So what does this mean to the average driver? Consider two fictional people, both of whom hold car insurance policies with Progressive and opt in to PAYD:

Steve, a twenty-one-year-old New Jersey resident who drives a 2012, tricked-out, cherry red CorvetteBetty, a forty-nine-year-old grandmother in Lincoln, Nebraska, who drives a used Volvo station wagon

All else being equal, which driver pays the higher car insurance premium? In 1994, the answer was obvious: Steve. In the near future, however, the answer will be much less certain: it will depend on the data. That is, vastly different driver profiles and demographic information will mean less and less to car insurance companies. Traditional levers like those will be increasingly supplemented with data on drivers’ individual patterns. What if Steve’s flashy Corvette belies the fact that he always obeys traffic signals, yields to pedestrians, and never speeds? He is the embodiment of safety. Conversely, despite her stereotypical profile, Betty drives like a maniac while texting like a teenager.
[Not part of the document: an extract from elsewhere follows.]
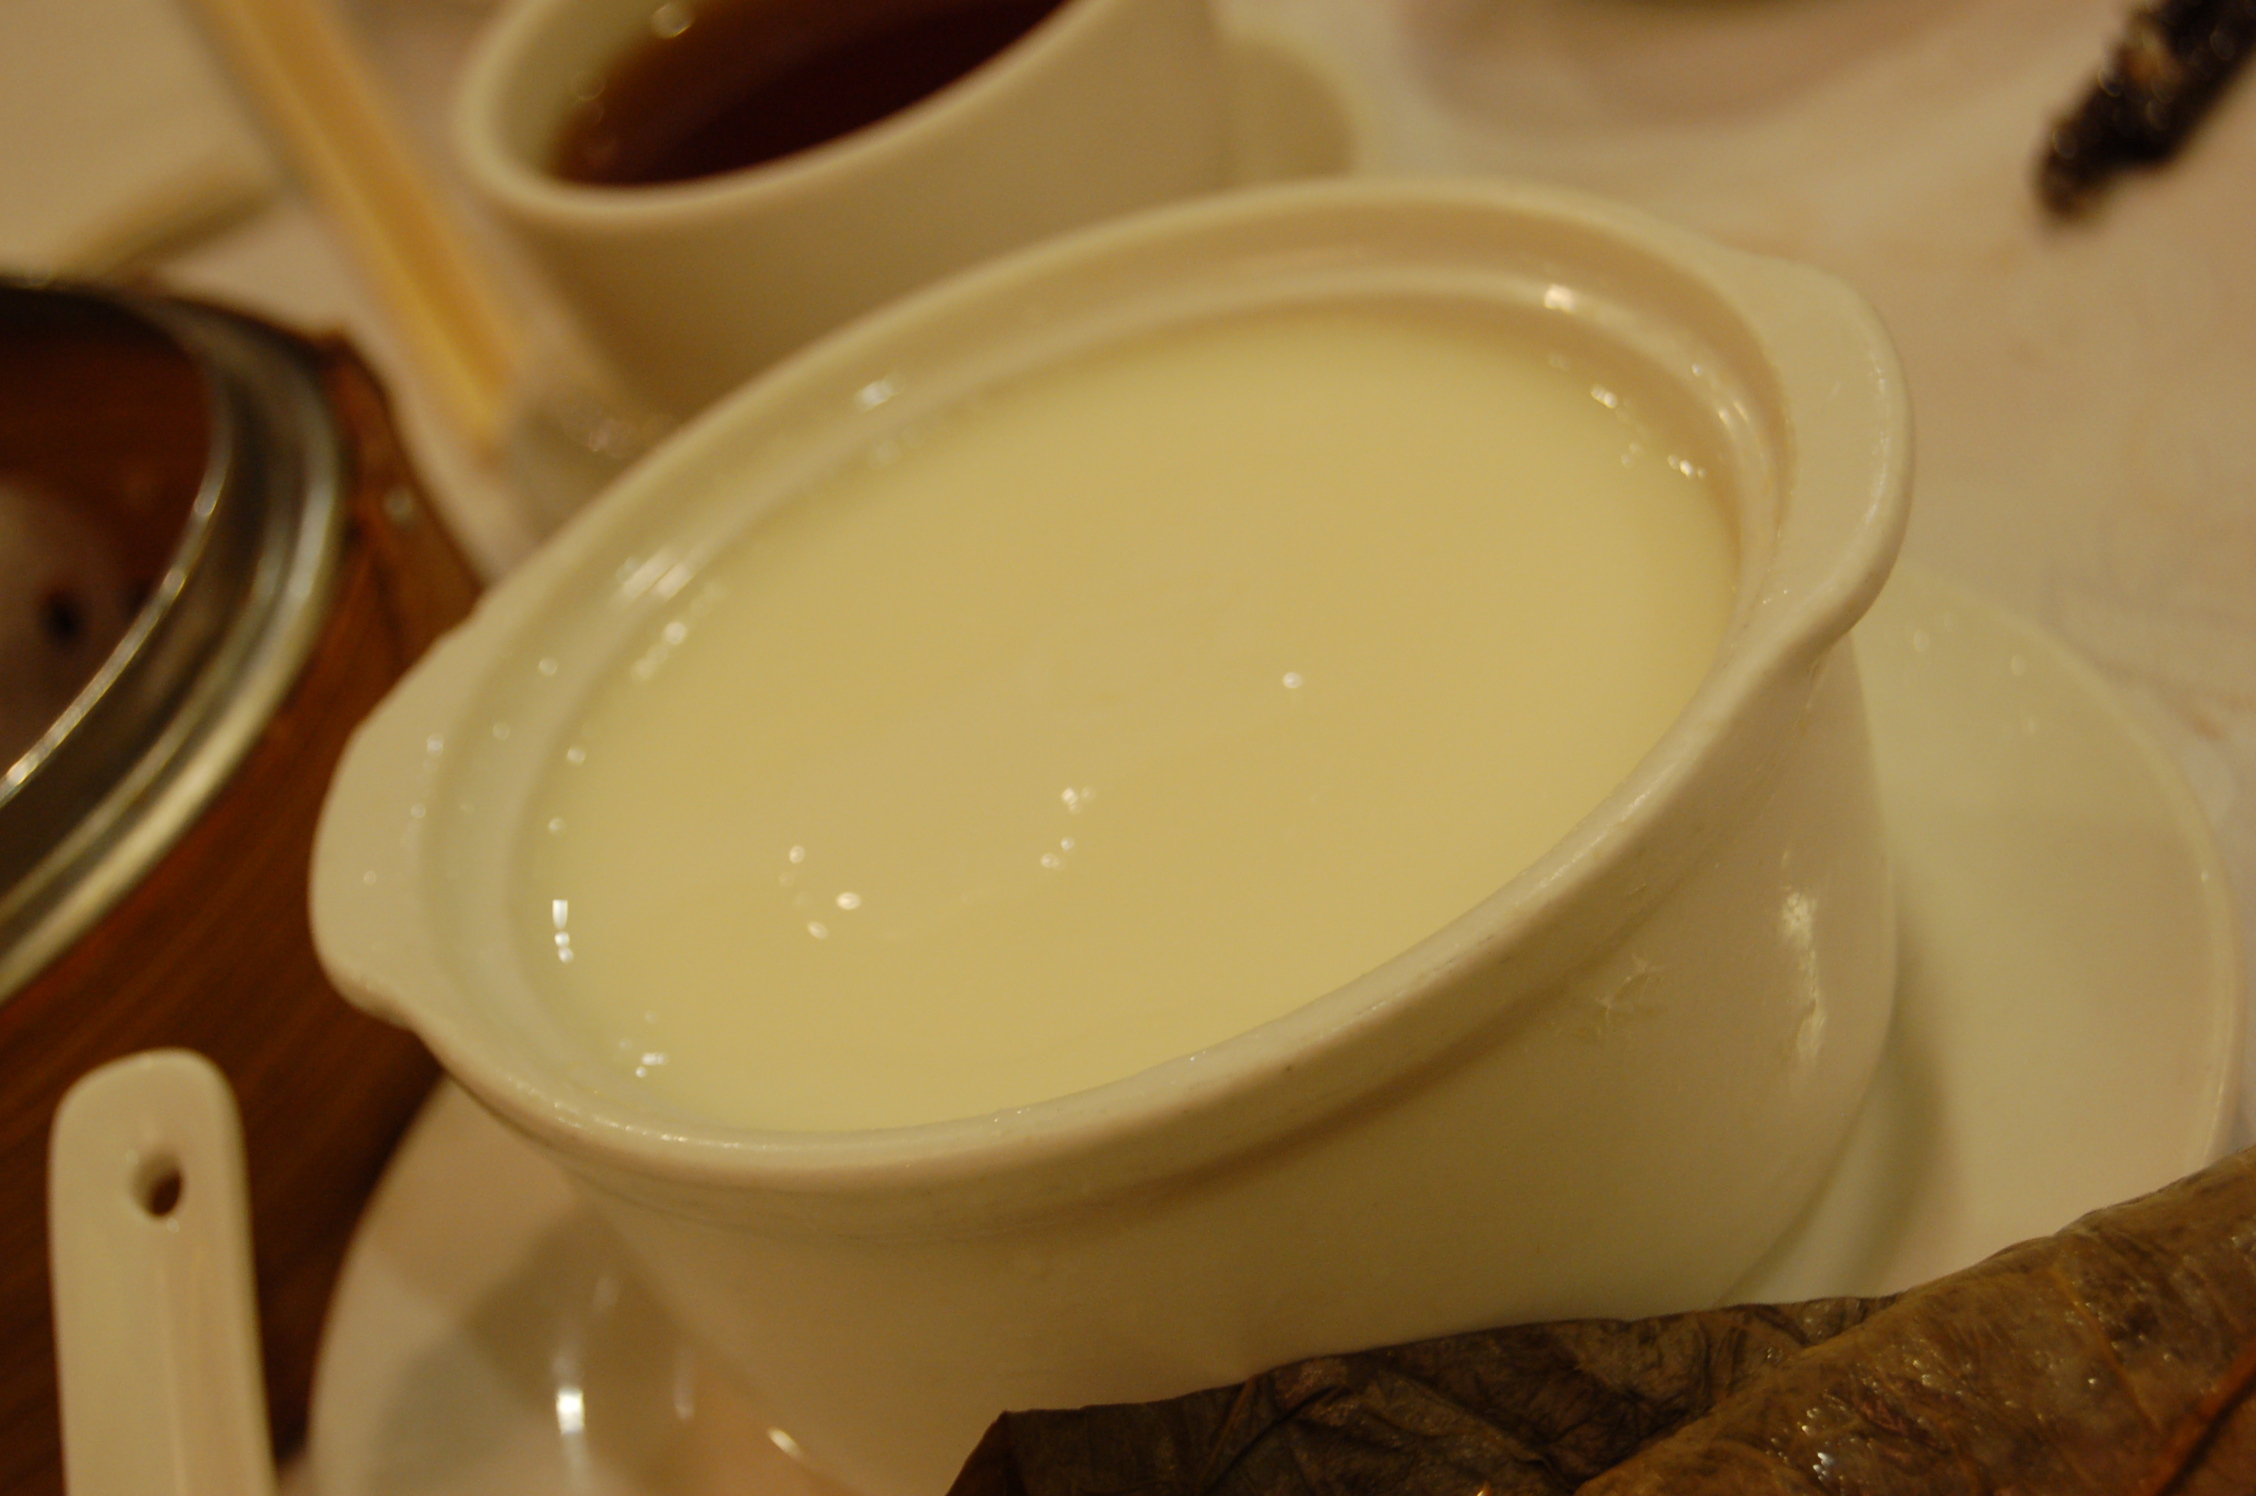 a bowl of cream is placed next to two plates

In this new world, what happens at rate renewal time for each driver? Based upon the preceding information, Progressive happily discounts Steve’s previous insurance by 60 percent but triples Betty’s renewal rate. In each case, the new rate reflects new—and far superior—data that Progressive has collected on each driver.
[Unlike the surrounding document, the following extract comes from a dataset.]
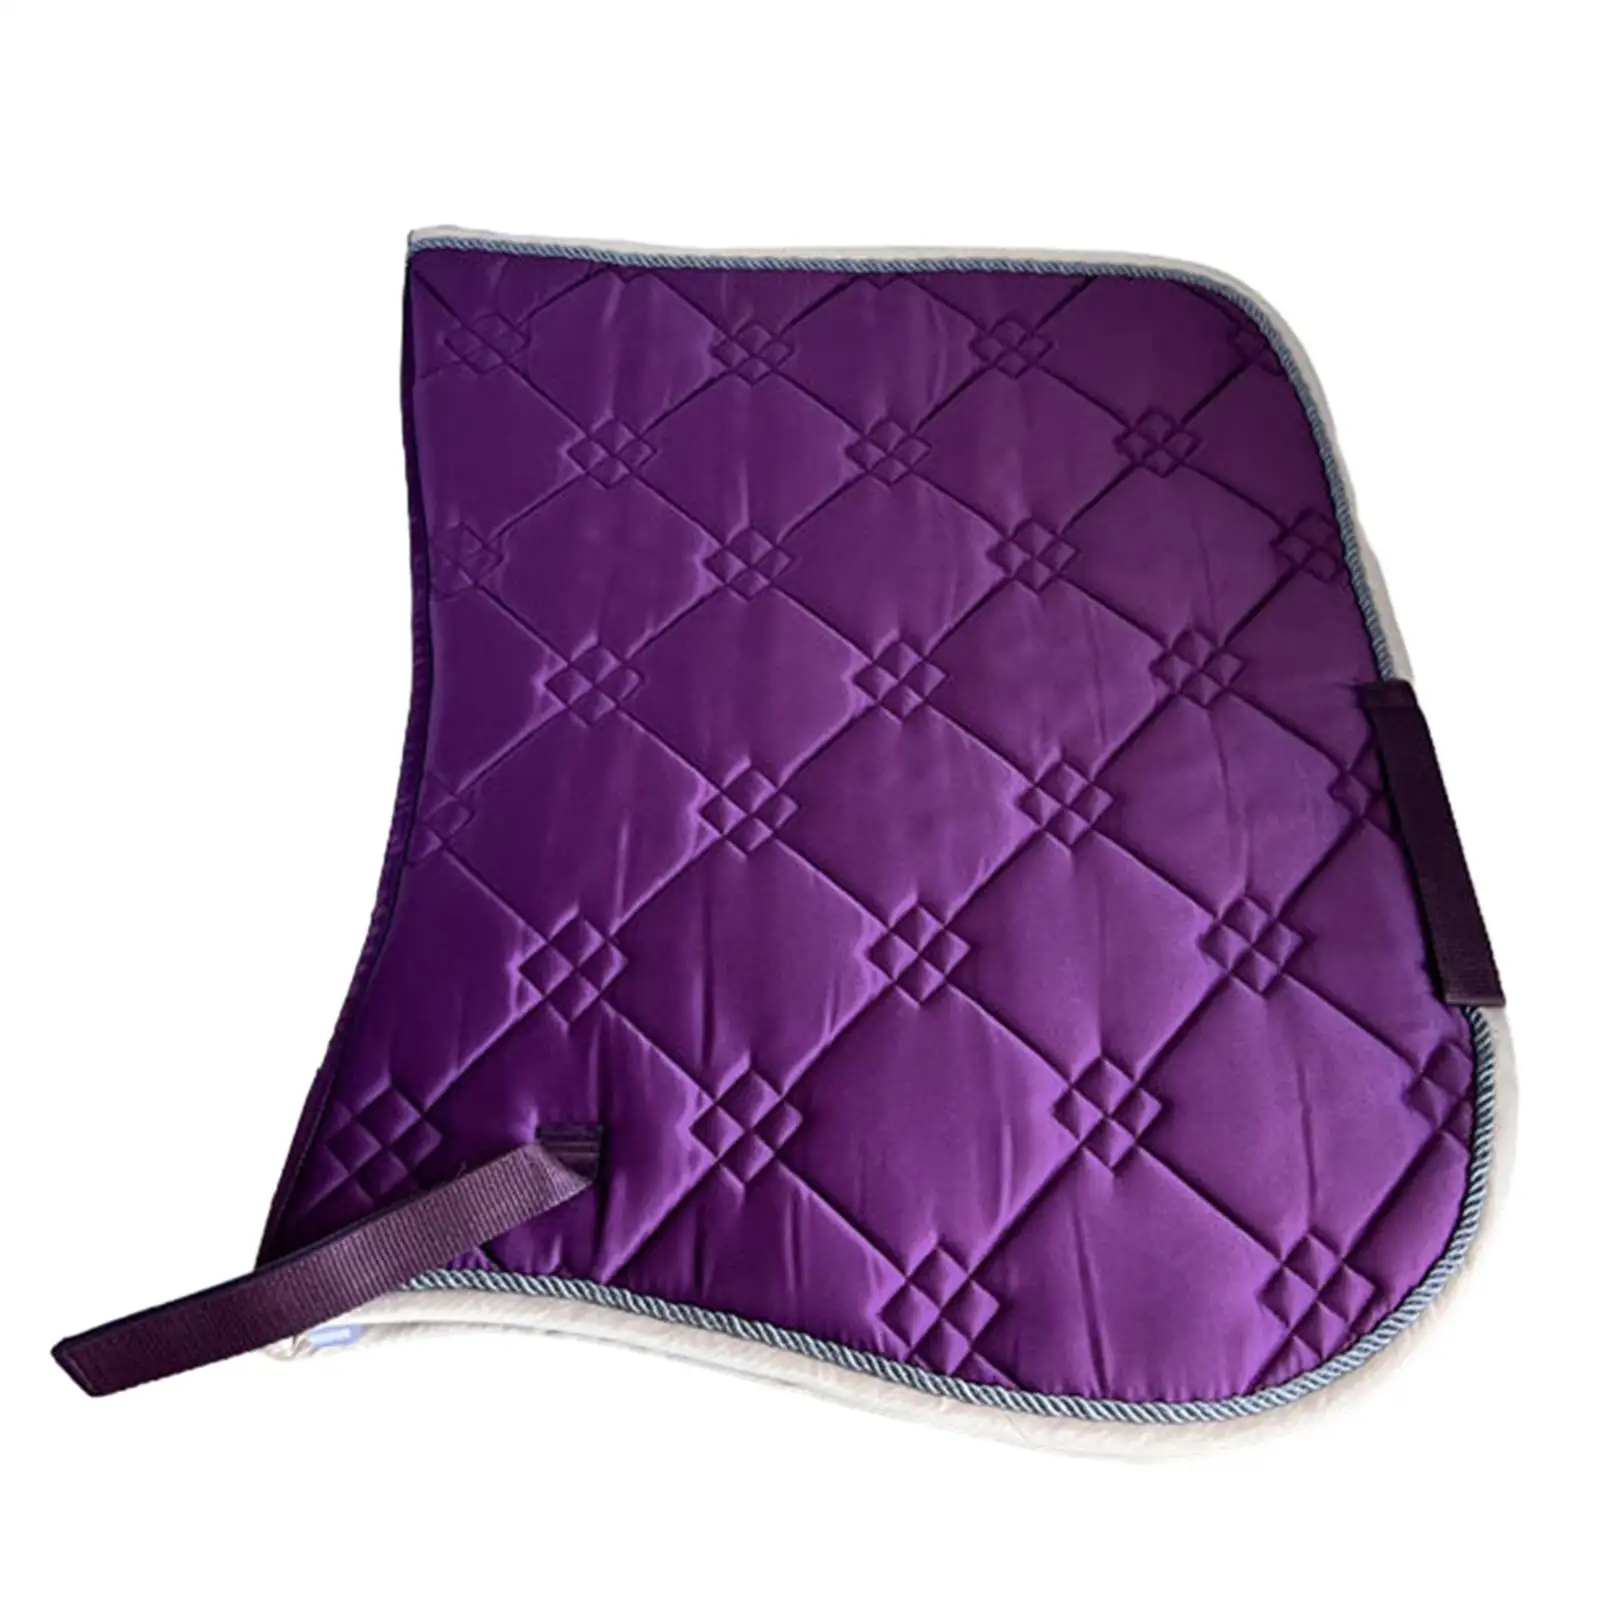 Saddle Pad for Horse Equestrian Riding Equipment Sports Riding Soft Nonslip

Surprised by his good fortune, Steve happily renews with Progressive, but Betty is irate. She calls the company’s 1-800 number and lets loose. When the Progressive rep stands her ground, Betty decides to take her business elsewhere. Unfortunately for Betty, she is in for a rude awakening. Allstate, GEICO, and other insurance companies have access to the same information as Progressive. All companies strongly suspect that Betty is actually a high-risk driver; her age and Volvo only tell part of her story—and not the most relevant part. As such, Allstate and GEICO quote her a policy similar to Progressive’s.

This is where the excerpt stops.